Normative Approach: Theories about how people should behave if they were perfectly rational (e.g., maximizing outcomes, as in economics).
Descriptive Approach: Theories about how people actually behave, including the reasons for deviations from rationality (e.g., psychological biases, memory construction).
Deviation from the normative model is often seen as a failure of rationality, but descriptive models seek to understand why these deviations occur.
Reasoning
Reasoning is the process of drawing conclusions from evidence or principles. It can be divided into two main types: inductive reasoning and deductive reasoning.
Deductive Reasoning: Starts with general principles and applies them to specific cases to reach logically certain conclusions.
Inductive Reasoning: Begins with specific observations or facts and formulates general principles or theories based on patterns found in the data.
Science often uses both: collecting facts (induction) and testing predictions (deduction).
Examples: Forensics uses induction to reconstruct events from evidence and deduction to test hypotheses about suspects.

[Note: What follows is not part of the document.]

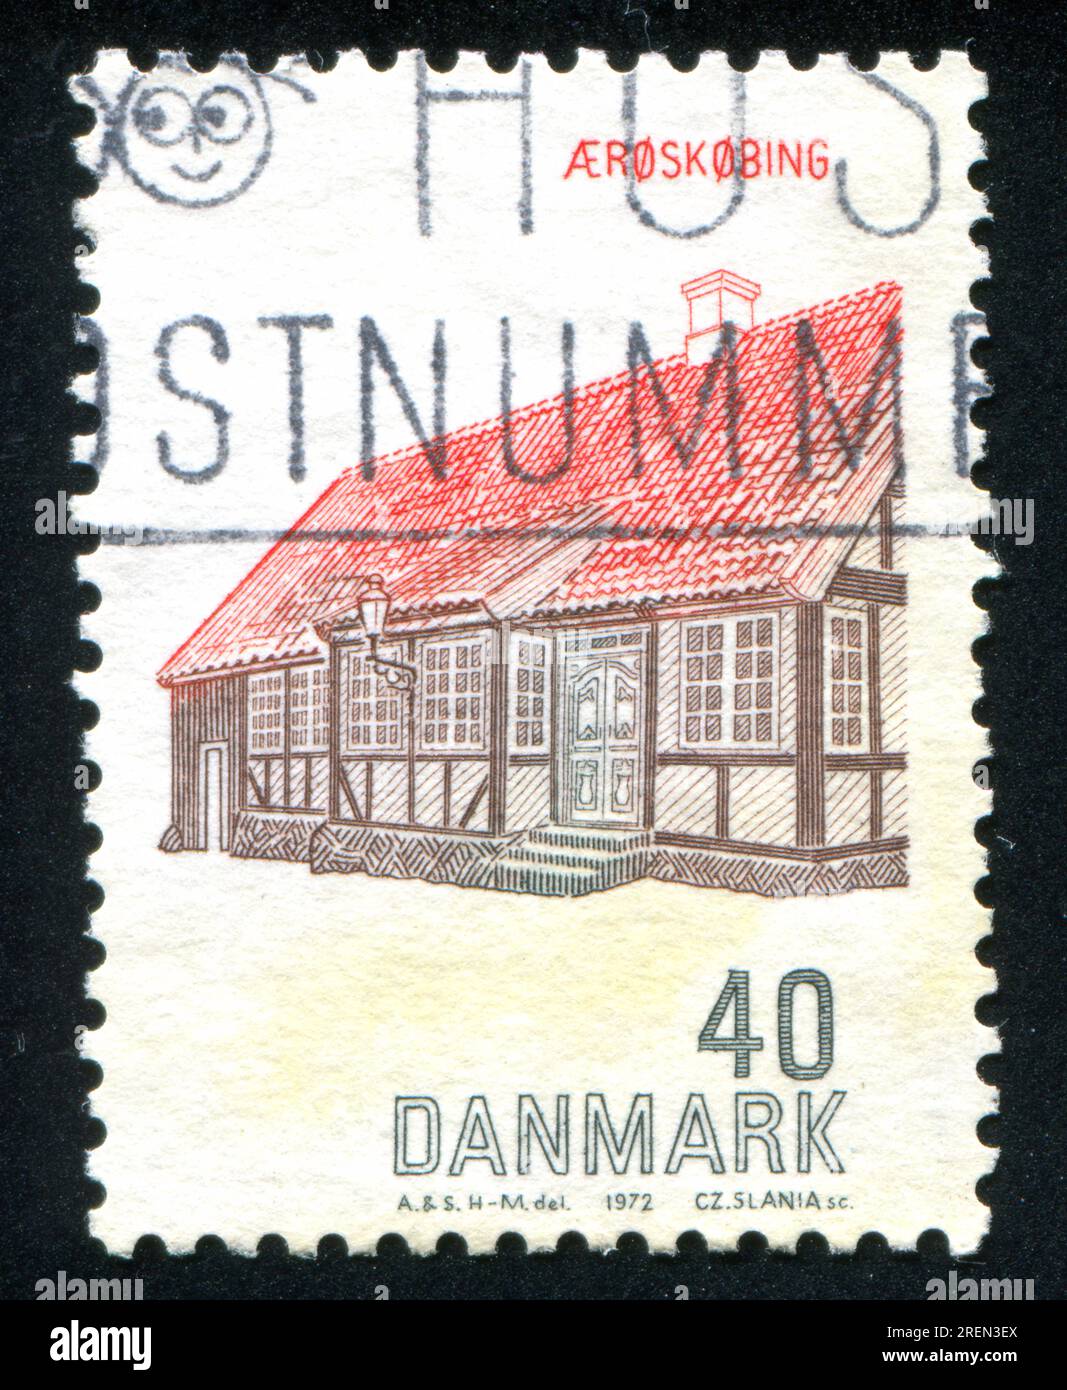 DÄNEMARK - CIRCA 1972: Stempel gedruckt von Dänemark, zeigt Aeroskobing House, circa 1972 Stockfoto

Key Differences Between Deductive and Inductive Reasoning
Deductive Reasoning | Inductive Reasoning |
|---|---|
General principles to specific case | Specific facts to general principle |
Conclusion is logically certain if premises are true | Conclusion is probable, not certain |
Example: All humans are mortal; Socrates is human; therefore, Socrates is mortal. | Example: Observing that the sun rises every day and concluding it will rise tomorrow. |
Confirmation Bias
Confirmation bias is the tendency to seek out information that confirms our existing beliefs and to ignore or undervalue evidence that could disconfirm them.
People often fail to use disconfirming evidence and may even avoid it.
This bias can persist even when individuals are aware of it.
Example: Political polarization, where individuals only consider evidence supporting their views.
Minimizing confirmation bias involves actively seeking out information that challenges one's beliefs.
Decision Making
Decision making involves choosing between alternatives and is influenced by how information is presented and processed.
Framing Effect: The way a question or problem is worded can significantly affect decisions.
People tend to be risk-seeking when facing potential losses and risk-averse when facing potential gains.
Emotions and subjective perceptions often lead to deviations from rational decision-making models.
Heuristics and Biases
Heuristics are mental shortcuts or rules of thumb that simplify decision making but can lead to systematic errors or biases.
Availability Heuristic: Judging the frequency or likelihood of an event based on how easily examples come to mind.
Availability in memory does not always reflect actual frequency in the world (e.g., overestimating rare but dramatic events like terrorist attacks compared to common ones like bathtub accidents).
Heuristics can reinforce confirmation bias by making certain information more accessible.
Problem Solving
Problem solving is the process of finding solutions to difficult or complex issues. It often requires both bottom-up (objective) and top-down (subjective) processing.
Individuals bring their own perspectives and prior knowledge to problem solving.
Classic problems, such as the "matchstick problem," illustrate the need for creative and flexible thinking.
Summary and Thought Questions
Reasoning and decision making are influenced by both objective data and subjective biases.
Heuristics and imperfect memory are not always detrimental; they can be adaptive but sometimes lead to errors.
Key questions: Is imperfect memory always bad? Are heuristics always problematic?
Recommended reading: "Thinking, Fast and Slow" by Daniel Kahneman.